Schulze Laura, Wheeler Sarah, McAndrews Mary Pat, Solomon Chloe J E, Giacobbe Peter, Downar Jonathan
MRI-Guided rTMS Clinic, Department of Psychiatry, University Health Network, 399 Bathurst Street, Room 7M-415, Toronto, Ontario, Canada M5T 2S8; Institute of Medical Science, University of Toronto, Faculty of Medicine, Medical Sciences Building, 1 King׳s College Circle, Room 2374, Toronto, Ontario, Canada M5S 1A8.
Toronto Western Research Institute, University Health Network, 399 Bathurst Street, Toronto, Ontario, Canada M5T 2S8.
Eur Neuropsychopharmacol. 2016 Jul;26(7):1213-26. doi: 10.1016/j.euroneuro.2016.04.004. Epub 2016 May 3.

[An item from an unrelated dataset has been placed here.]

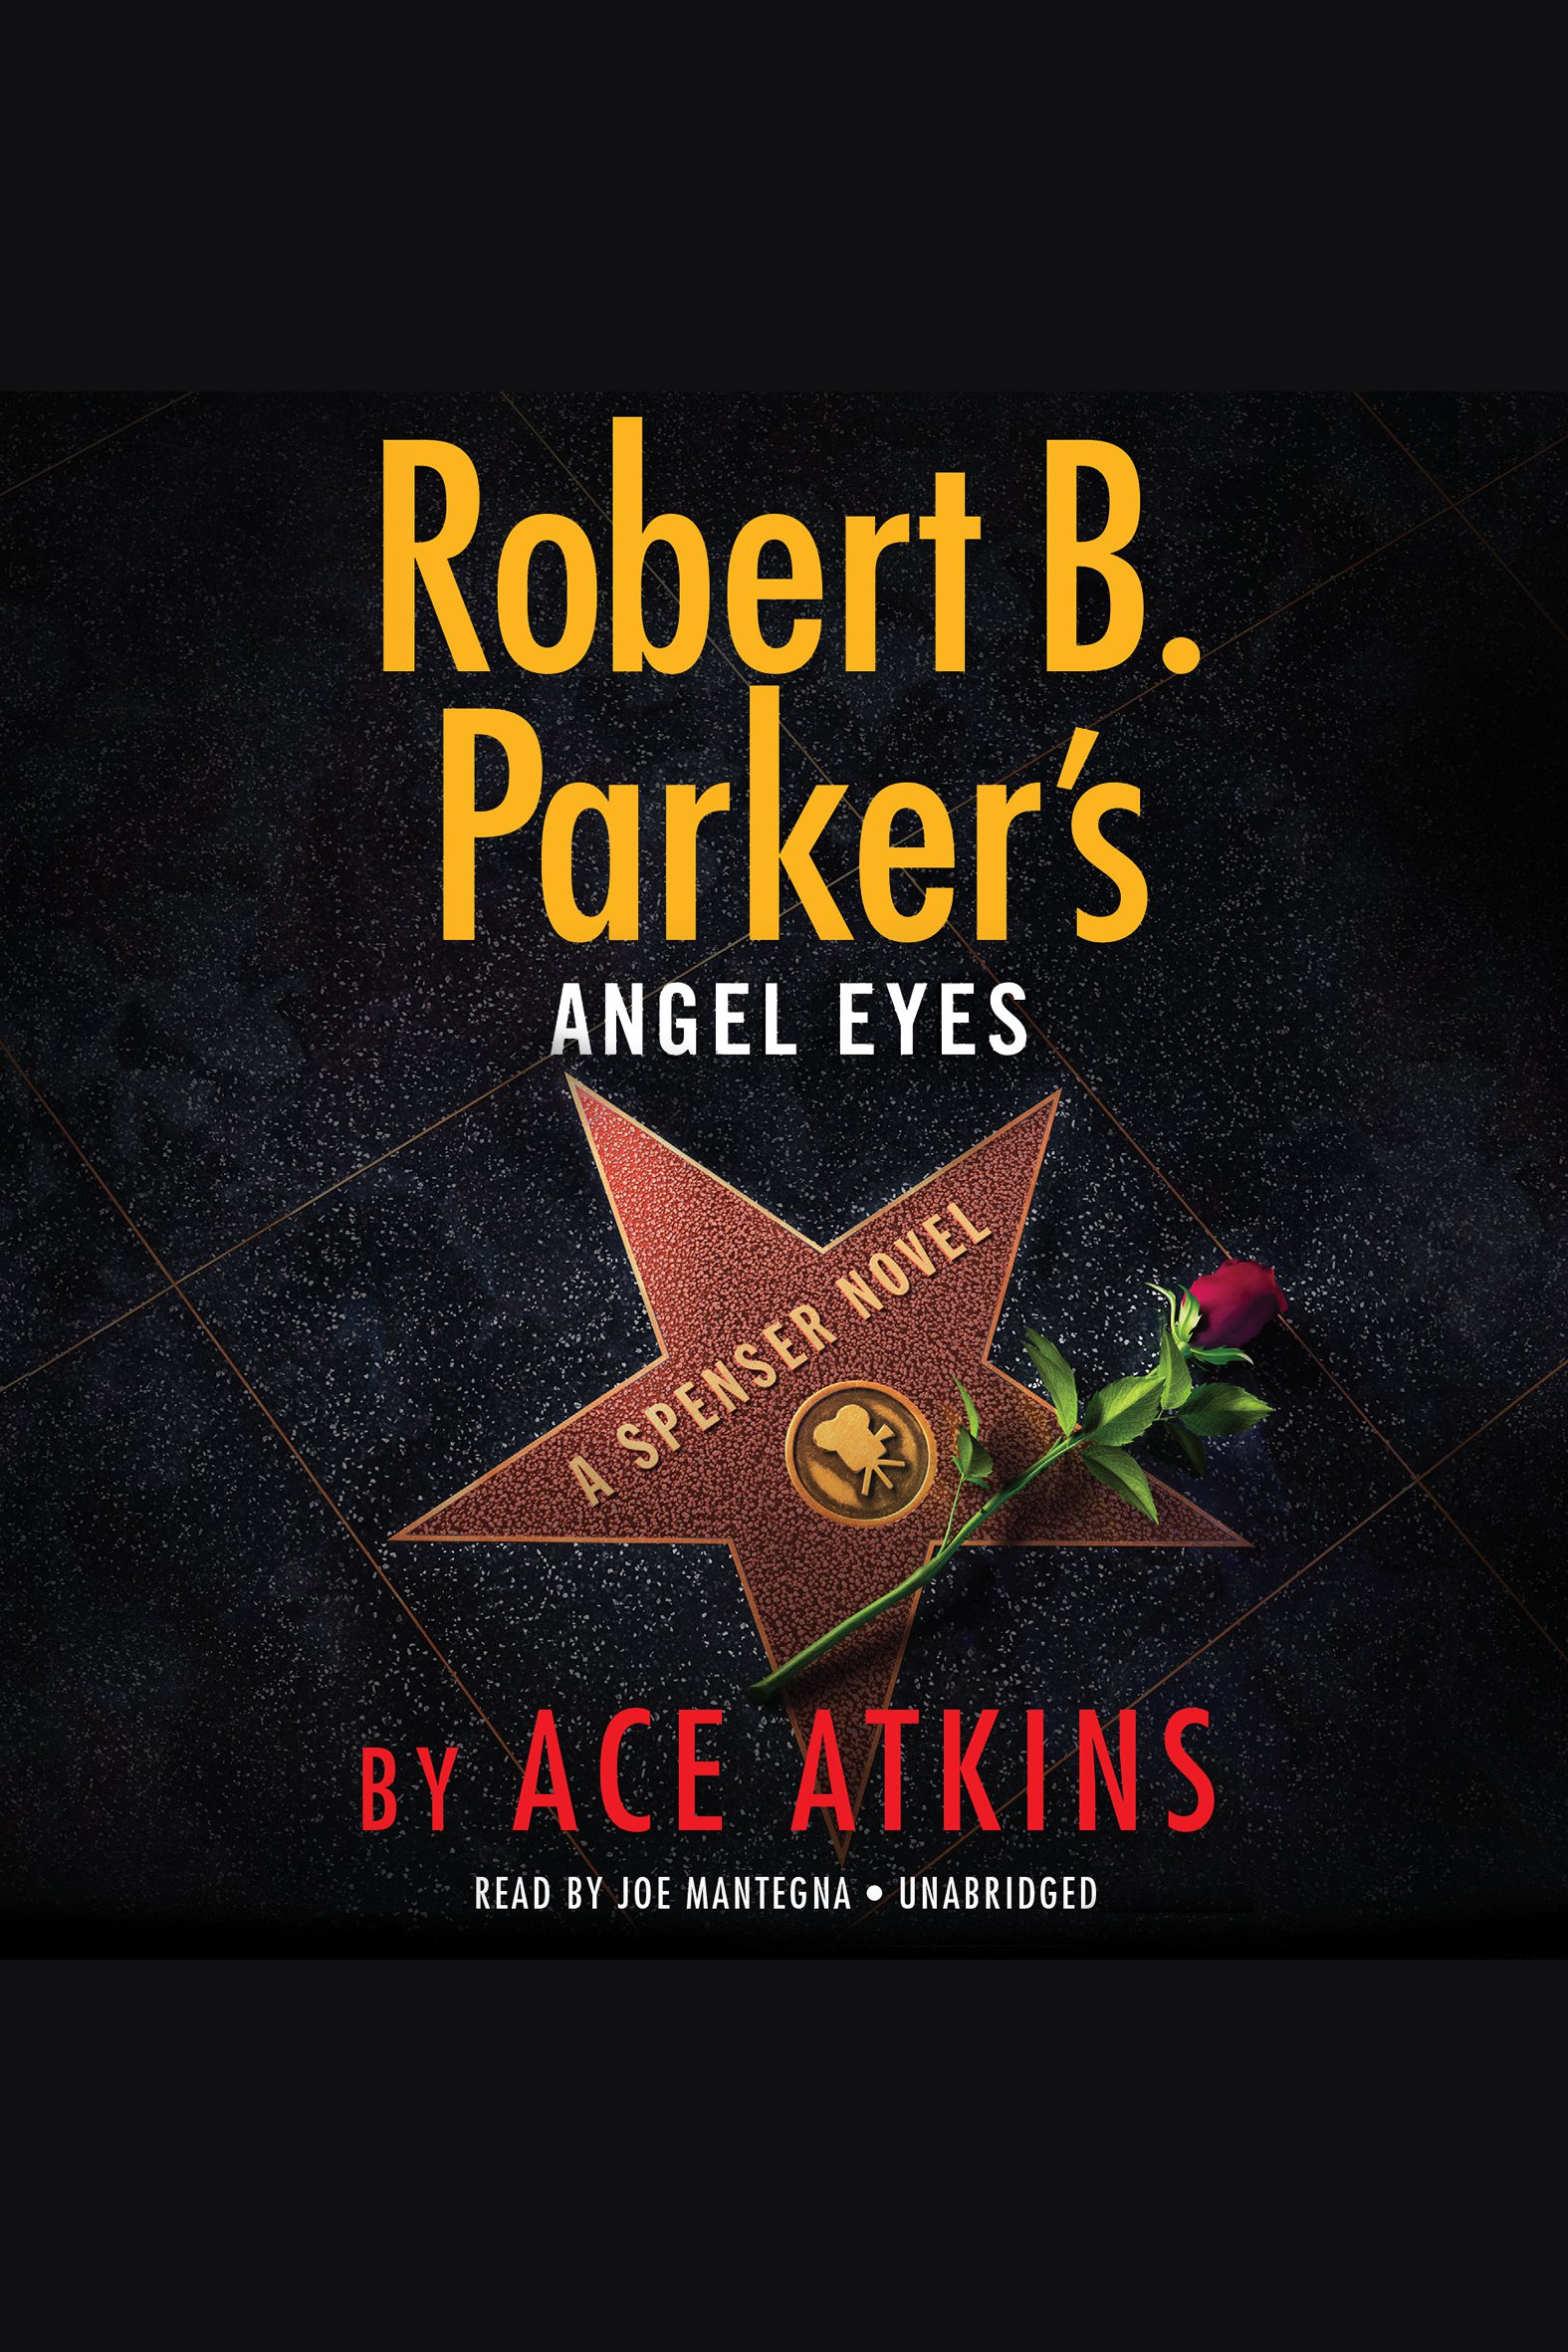 Robert B. Parker's angel eyes cover image

The most widely used target for repetitive transcranial magnetic stimulation (rTMS) in treatment-resistant depression (TRD) is the dorsolateral prefrontal cortex (DLPFC). Despite convergent evidence that the dorsomedial prefrontal cortex (DMPFC) may be a promising alternative target for rTMS in TRD, its cognitive safety profile has not previously been assessed. Here, we applied 20 sessions of rTMS to the DMPFC in 21 TRD patients. Before and after treatment, a battery of neuropsychological tasks was administered to evaluate changes in cognition across three general cognitive domains: learning and memory, attention and processing speed, and cognitive flexibility. Subjects also completed the 17-item Hamilton Rating Scale for Depression (HamD17) prior to and following treatment to measure changes in severity of depressive symptoms, and to assess the relationship between mood and cognitive performance over the course of treatment. No serious adverse effects or significant deterioration in cognitive performance were observed. Overall, subjects improved significantly on Stroop Inhibition/Switching and on Trails B, and this improvement was independent of the degree of improvement in depression symptoms. No domains or items significantly predicted clinical outcome, with the exception of baseline performance on Visual Elevator Accuracy. Clinical improvement correlated to improved performance in the overall domain of attention and processing speed, although this effect was not evident following covariate adjustment. DMPFC-rTMS did not produce any detectable cognitive adverse effects during treatment of TRD. Performance did not deteriorate significantly on any measures. Taken together, the present findings support the tolerability and cognitive safety of DMPFC-rTMS in refractory depression.
在难治性抑郁症(TRD)的治疗中,重复经颅磁刺激(rTMS)最广泛使用的靶点是背外侧前额叶皮质(DLPFC)。尽管有越来越多的证据表明背内侧前额叶皮质(DMPFC)可能是TRD中rTMS的一个有前景的替代靶点,但此前尚未评估其认知安全性。在此,我们对21例TRD患者的DMPFC进行了20次rTMS治疗。在治疗前后,进行了一系列神经心理学任务,以评估三个一般认知领域的认知变化:学习与记忆、注意力与处理速度以及认知灵活性。受试者还在治疗前后完成了17项汉密尔顿抑郁量表(HamD17),以测量抑郁症状严重程度的变化,并评估治疗过程中情绪与认知表现之间的关系。未观察到严重不良反应或认知表现的显著恶化。总体而言,受试者在Stroop抑制/转换和连线测验B上有显著改善,且这种改善与抑郁症状的改善程度无关。除了视觉电梯准确性的基线表现外,没有任何领域或项目能显著预测临床结果。临床改善与注意力和处理速度总体领域的表现改善相关,尽管在进行协变量调整后这种效应并不明显。在TRD治疗期间,DMPFC-rTMS未产生任何可检测到的认知不良反应。任何测量指标的表现均未显著恶化。综上所述,本研究结果支持DMPFC-rTMS在难治性抑郁症中的耐受性和认知安全性。